[[ AVAILABLE DATA, beginning ]]

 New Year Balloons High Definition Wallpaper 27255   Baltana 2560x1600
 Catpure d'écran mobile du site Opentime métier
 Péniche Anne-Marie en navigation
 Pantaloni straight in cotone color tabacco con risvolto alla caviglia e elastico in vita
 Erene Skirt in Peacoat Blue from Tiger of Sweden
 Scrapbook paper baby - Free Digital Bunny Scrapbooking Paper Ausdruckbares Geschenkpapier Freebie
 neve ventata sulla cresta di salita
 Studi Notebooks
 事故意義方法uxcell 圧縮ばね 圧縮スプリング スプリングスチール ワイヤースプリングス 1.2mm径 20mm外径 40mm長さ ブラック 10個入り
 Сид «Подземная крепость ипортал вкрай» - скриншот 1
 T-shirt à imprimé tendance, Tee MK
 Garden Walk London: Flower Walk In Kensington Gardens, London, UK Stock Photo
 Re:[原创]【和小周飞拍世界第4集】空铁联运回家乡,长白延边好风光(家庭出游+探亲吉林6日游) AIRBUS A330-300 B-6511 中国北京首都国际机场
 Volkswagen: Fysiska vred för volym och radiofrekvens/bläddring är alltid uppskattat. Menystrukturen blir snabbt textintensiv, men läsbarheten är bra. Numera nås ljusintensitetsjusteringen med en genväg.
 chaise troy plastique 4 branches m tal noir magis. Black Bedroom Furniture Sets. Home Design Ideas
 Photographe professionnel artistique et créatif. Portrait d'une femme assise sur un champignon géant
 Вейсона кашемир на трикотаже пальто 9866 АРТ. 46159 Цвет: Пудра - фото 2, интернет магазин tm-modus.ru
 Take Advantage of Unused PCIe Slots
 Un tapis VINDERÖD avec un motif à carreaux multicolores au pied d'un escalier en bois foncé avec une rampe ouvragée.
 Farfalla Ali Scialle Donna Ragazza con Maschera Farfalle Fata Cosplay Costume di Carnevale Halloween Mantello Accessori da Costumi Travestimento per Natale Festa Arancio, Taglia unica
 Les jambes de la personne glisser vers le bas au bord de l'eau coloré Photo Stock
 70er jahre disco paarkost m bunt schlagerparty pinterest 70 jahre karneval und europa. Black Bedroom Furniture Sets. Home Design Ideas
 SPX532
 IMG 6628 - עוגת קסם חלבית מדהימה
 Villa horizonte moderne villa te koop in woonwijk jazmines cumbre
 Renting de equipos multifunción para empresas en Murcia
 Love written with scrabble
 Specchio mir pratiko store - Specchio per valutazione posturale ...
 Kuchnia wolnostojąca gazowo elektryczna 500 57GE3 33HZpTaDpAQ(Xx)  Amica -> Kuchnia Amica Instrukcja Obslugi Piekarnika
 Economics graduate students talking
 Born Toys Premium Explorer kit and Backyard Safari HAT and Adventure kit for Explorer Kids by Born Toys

[[ AVAILABLE DATA, end ]]

REQUIREMENT – Print the data above exactly.

SOLUTION TO THE PROBLEM –
 New Year Balloons High Definition Wallpaper 27255   Baltana 2560x1600
 Catpure d'écran mobile du site Opentime métier
 Péniche Anne-Marie en navigation
 Pantaloni straight in cotone color tabacco con risvolto alla caviglia e elastico in vita
 Erene Skirt in Peacoat Blue from Tiger of Sweden
 Scrapbook paper baby - Free Digital Bunny Scrapbooking Paper Ausdruckbares Geschenkpapier Freebie
 neve ventata sulla cresta di salita
 Studi Notebooks
 事故意義方法uxcell 圧縮ばね 圧縮スプリング スプリングスチール ワイヤースプリングス 1.2mm径 20mm外径 40mm長さ ブラック 10個入り
 Сид «Подземная крепость ипортал вкрай» - скриншот 1
 T-shirt à imprimé tendance, Tee MK
 Garden Walk London: Flower Walk In Kensington Gardens, London, UK Stock Photo
 Re:[原创]【和小周飞拍世界第4集】空铁联运回家乡,长白延边好风光(家庭出游+探亲吉林6日游) AIRBUS A330-300 B-6511 中国北京首都国际机场
 Volkswagen: Fysiska vred för volym och radiofrekvens/bläddring är alltid uppskattat. Menystrukturen blir snabbt textintensiv, men läsbarheten är bra. Numera nås ljusintensitetsjusteringen med en genväg.
 chaise troy plastique 4 branches m tal noir magis. Black Bedroom Furniture Sets. Home Design Ideas
 Photographe professionnel artistique et créatif. Portrait d'une femme assise sur un champignon géant
 Вейсона кашемир на трикотаже пальто 9866 АРТ. 46159 Цвет: Пудра - фото 2, интернет магазин tm-modus.ru
 Take Advantage of Unused PCIe Slots
 Un tapis VINDERÖD avec un motif à carreaux multicolores au pied d'un escalier en bois foncé avec une rampe ouvragée.
 Farfalla Ali Scialle Donna Ragazza con Maschera Farfalle Fata Cosplay Costume di Carnevale Halloween Mantello Accessori da Costumi Travestimento per Natale Festa Arancio, Taglia unica
 Les jambes de la personne glisser vers le bas au bord de l'eau coloré Photo Stock
 70er jahre disco paarkost m bunt schlagerparty pinterest 70 jahre karneval und europa. Black Bedroom Furniture Sets. Home Design Ideas
 SPX532
 IMG 6628 - עוגת קסם חלבית מדהימה
 Villa horizonte moderne villa te koop in woonwijk jazmines cumbre
 Renting de equipos multifunción para empresas en Murcia
 Love written with scrabble
 Specchio mir pratiko store - Specchio per valutazione posturale ...
 Kuchnia wolnostojąca gazowo elektryczna 500 57GE3 33HZpTaDpAQ(Xx)  Amica -> Kuchnia Amica Instrukcja Obslugi Piekarnika
 Economics graduate students talking
 Born Toys Premium Explorer kit and Backyard Safari HAT and Adventure kit for Explorer Kids by Born Toys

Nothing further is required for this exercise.